Proponents of multiple guarantors argue it will bring more competition that is beneficial to consumers. Yet, it was unrestrained competition in the subprime era that led Fannie and Freddie to drop their underwriting standards, which led to their downfall.   

CHLA believes in competition, but does not believe an oligopoly achieves any more competition than the current duopoly, or any suggested benefits will trickle down to consumers. 

In fact, more guarantors could actually decrease competition in mortgage loan origination.  For decades, the largest Wall Street banks have coveted the opportunity to gain control over a GSE charter – seeking to achieve vertical integration, where a loan originator has exclusive access to or preferential arrangements with a guarantor. 

The committee bill outline narrowly limits ownership by an FDIC-insured bank.  However, this would not address ownership or control of the guarantor arising from other types of relationships between a bank holding company, investment bank, or other investors, and it is unlikely any legislative provisions can prevent vertical integration when the benefits of achieving it are so high.
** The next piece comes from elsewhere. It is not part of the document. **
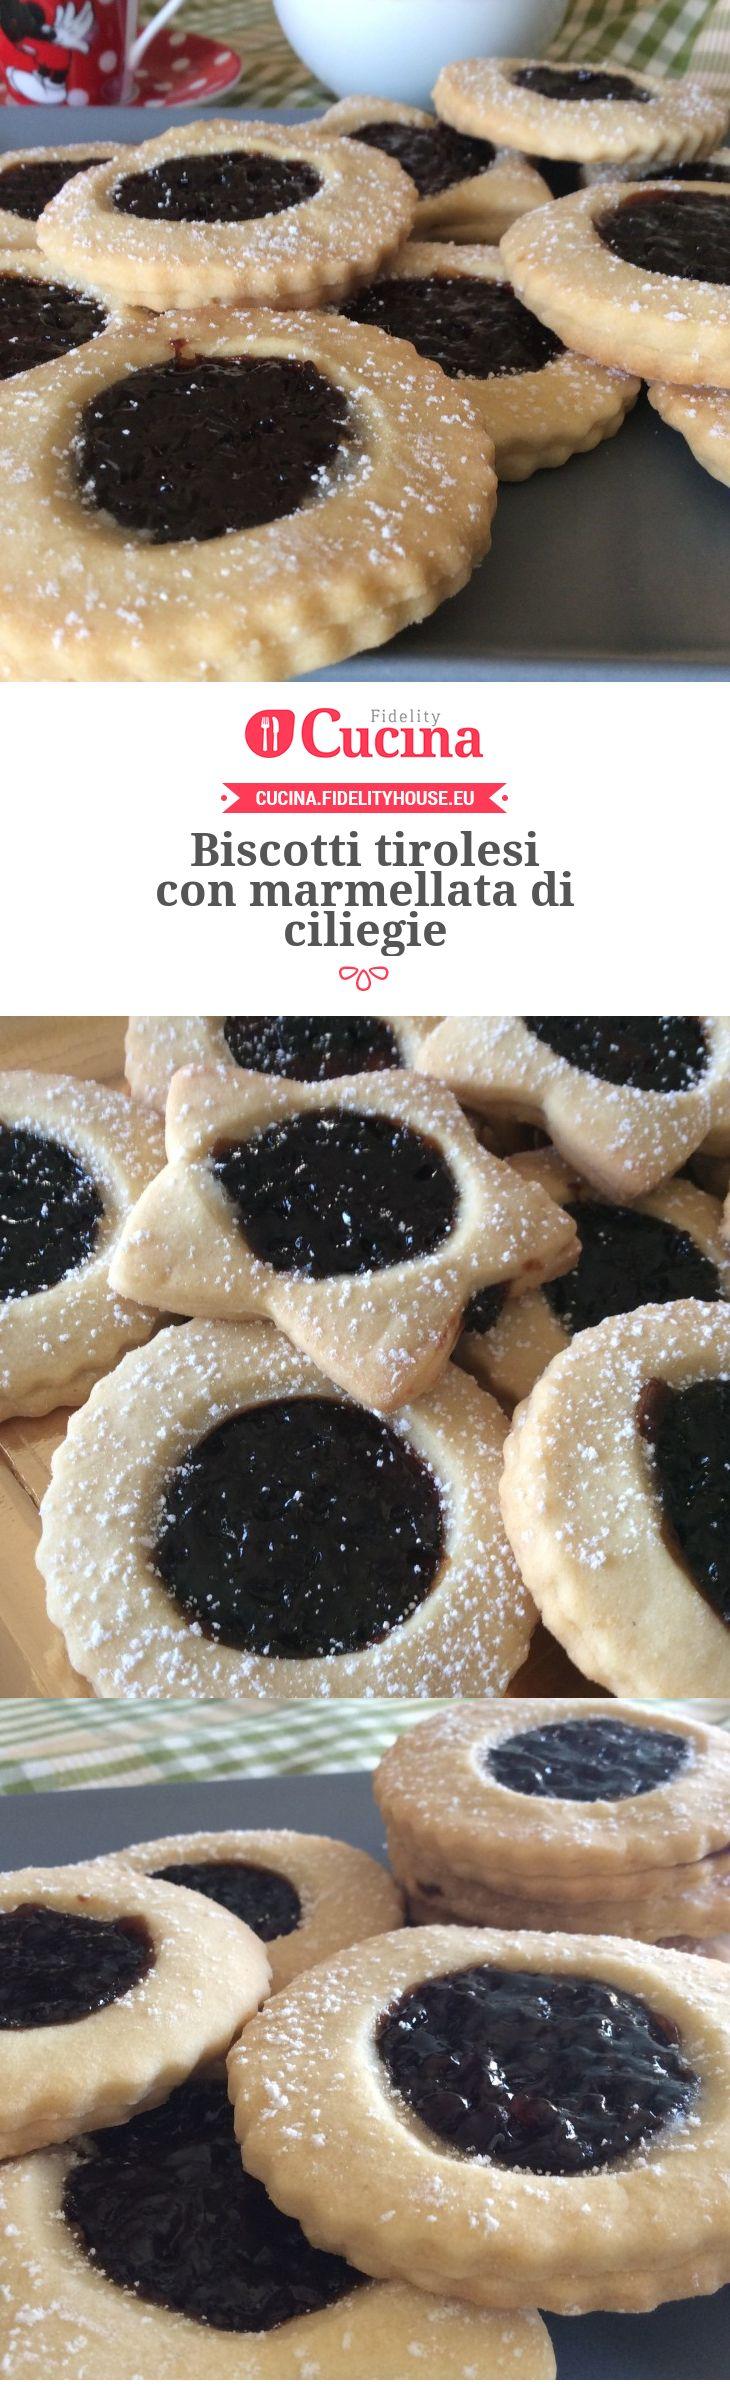 Biscotti tirolesi con marmellata di ciliegie della nostra utente Angela. Unisciti alla nostra Community ed invia le tue ricette!

CHLA also has concerns about the competitiveness of the proposed cash window, which has provided community lenders access to secondary markets on comparable terms to larger lenders over the last decade. New guarantors will likely target loans and consumers with characteristics valued more by the MBS investing market. As no guarantor will be required to establish a cash window for all currently approved seller-servicers and cash window pricing may be inferior to direct securitization, small community lenders will not be able to offer the most competitive pricing with local servicing of the loans to its consumers. 

Our second concern is turning the entire GSE market over to Ginnie Mae.  As a practical matter: (1) Ginnie is in a transformation not expected to be completed until 2020, (2) it is not clear how Ginnie has the capacity to supervise this new huge market, and (3) there is no discussion of the transitional risks associated with this change.  Last December, I raised initial concern with this concept on behalf of the Community Home Lenders Association (CHLA) at a House Financial Services Committee hearing

A month later, CHLA issued a comprehensive report detailing concerns about Ginnie Mae’s heightened scrutiny of smaller community lenders, predicting a contraction in the number of small community issuers. Ginnie operation of the GSE market will reduce access to local credit providers in many communities. Notably, there are roughly four times as many approved Fannie/Freddie seller-servicers today as there are approved Ginnie Mae issuers.

CHLA believes there is a simpler path to completing GSE reform than a complicated legislative proposal that introduces significant new transitional risk. Almost all the necessary major reforms to Fannie and Freddie have been done except retaining capital. FHFA should allow Fannie and Freddie to retain capital, complete its Capital Rule, and use its authority under HERA to require Fannie and Freddie to develop capital restoration plans, so progress can continue.

Then, working with the detailed input from the Treasury and FHFA, Congress should take the necessary steps to complete the job – culminating in Fannie and Freddie exiting conservatorship and Congress adopting necessary legislation (a federal guarantee and a Fund)  to finish the job and codifying existing reforms (pricing parity, required risk sharing, and strict limits on portfolios).

Don Calcaterra, Jr. is Vice President of the Community Home Lenders Association (CHLA) and President of Local Lending Group LLC, based in Troy, Mich.